Assigned task>
Below is a listing with pictures. Repeat exactly the lines starting at the one holding "1976 State of" and going on through the one holding "Bosch Appliances user", and leave every picture out.

Data for this task>
╔══
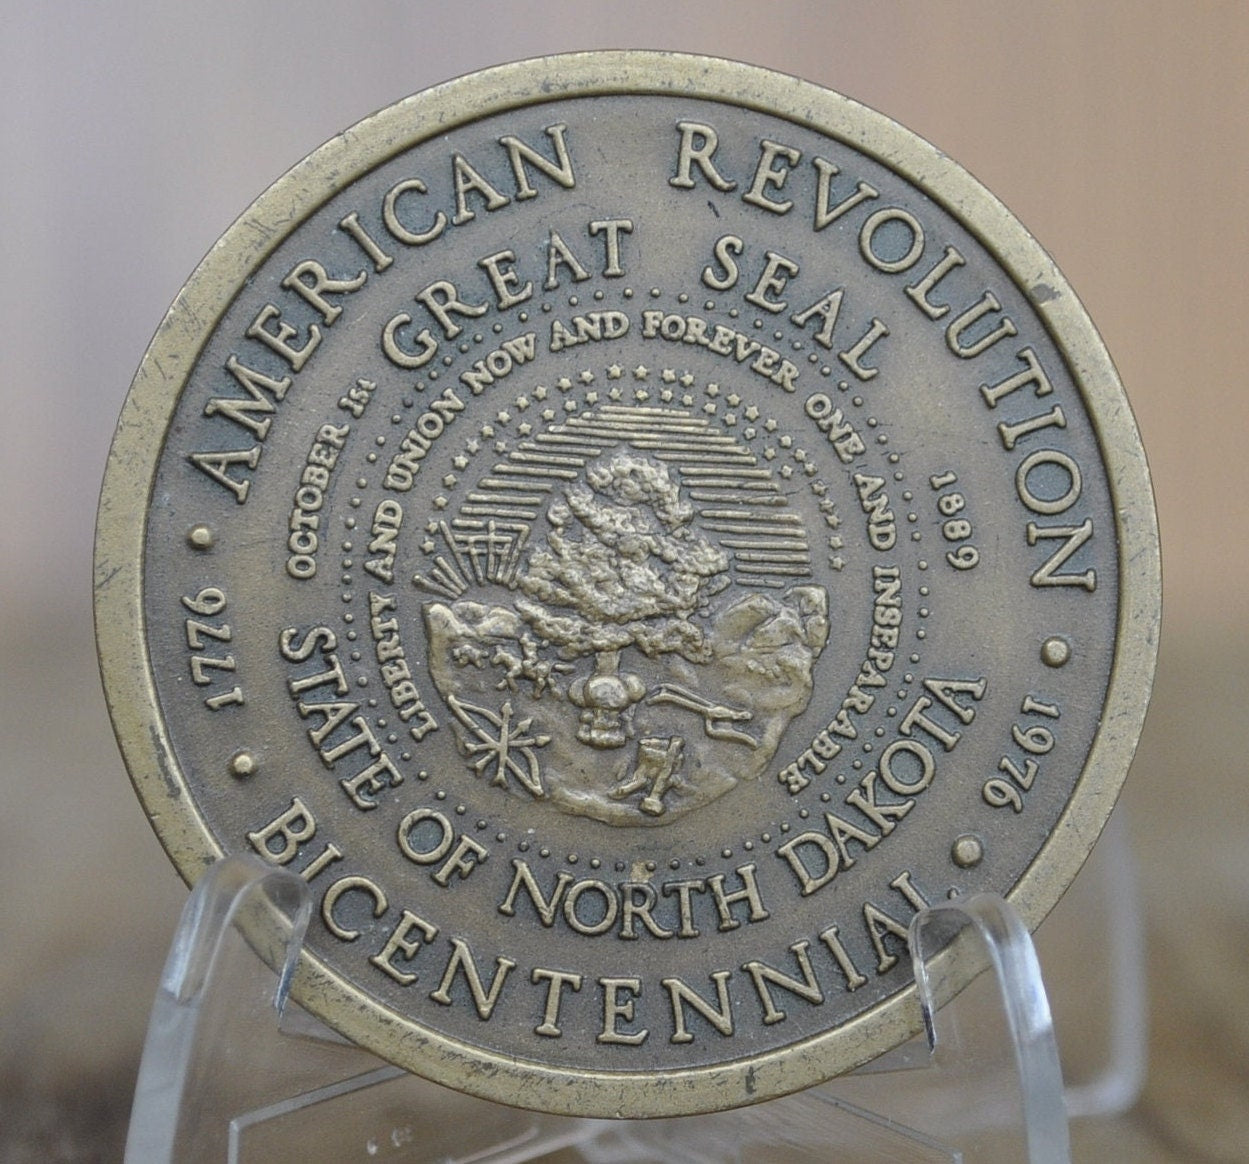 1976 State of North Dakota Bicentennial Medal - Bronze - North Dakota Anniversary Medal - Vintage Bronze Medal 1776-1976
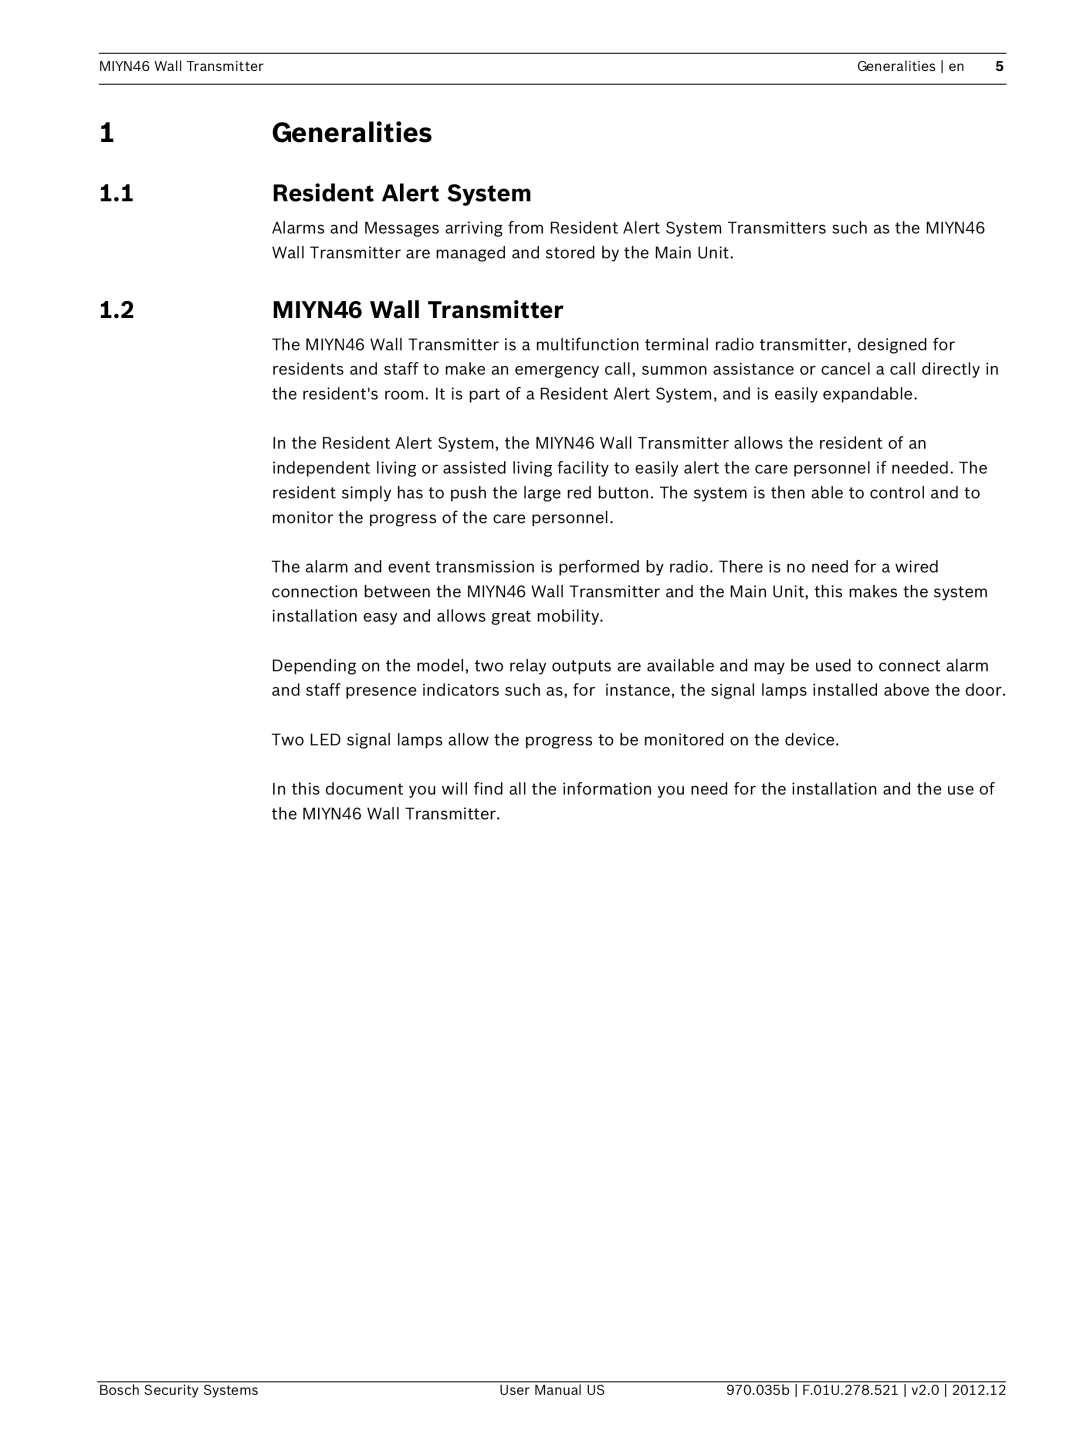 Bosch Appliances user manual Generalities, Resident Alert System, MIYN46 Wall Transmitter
╚══
╔══
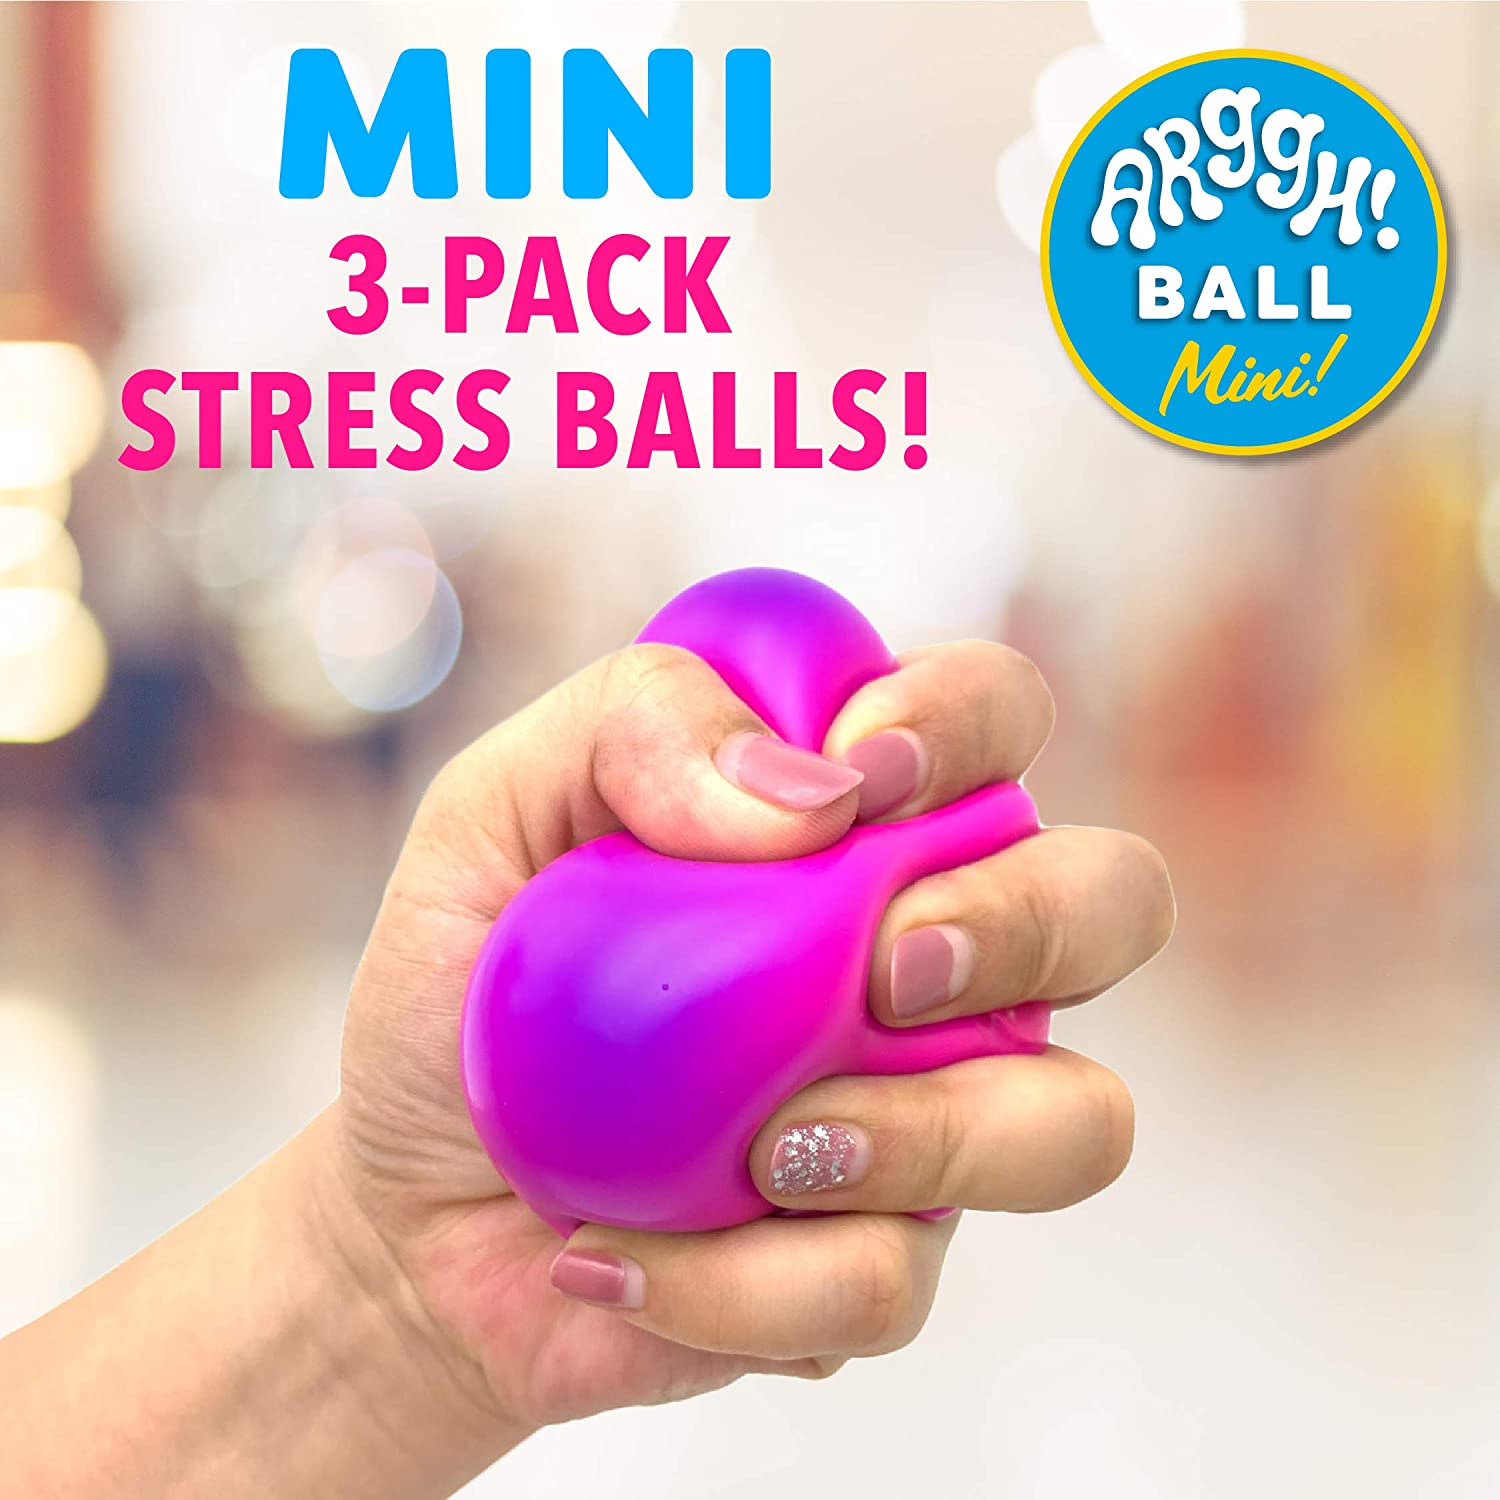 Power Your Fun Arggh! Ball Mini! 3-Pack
╚══
╔══
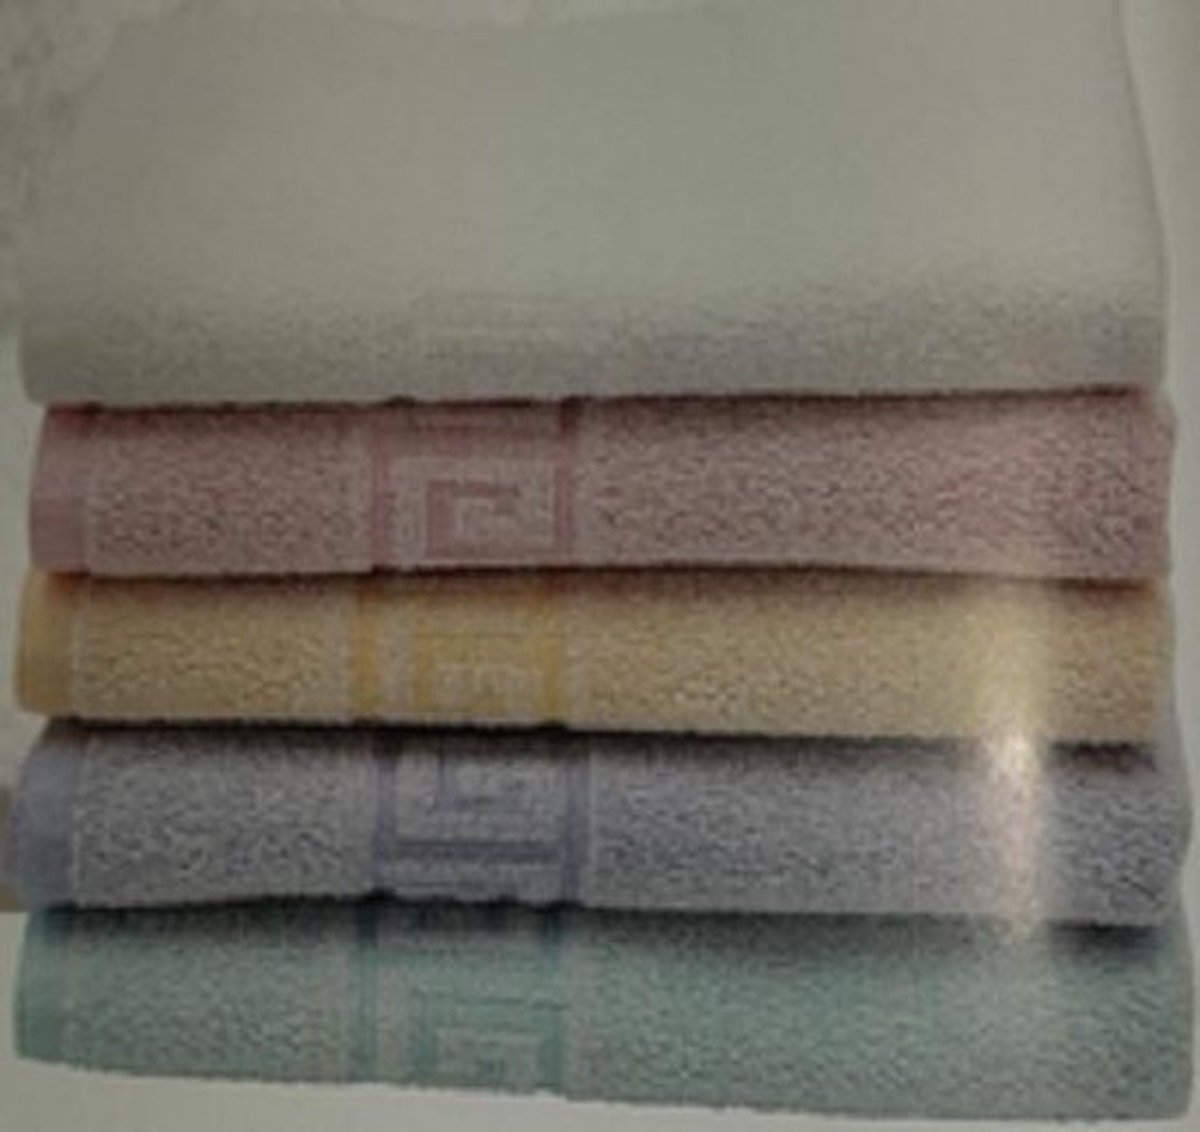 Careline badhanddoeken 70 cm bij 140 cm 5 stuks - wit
╚══
Solution to this task>
 1976 State of North Dakota Bicentennial Medal - Bronze - North Dakota Anniversary Medal - Vintage Bronze Medal 1776-1976
 Bosch Appliances user manual Generalities, Resident Alert System, MIYN46 Wall Transmitter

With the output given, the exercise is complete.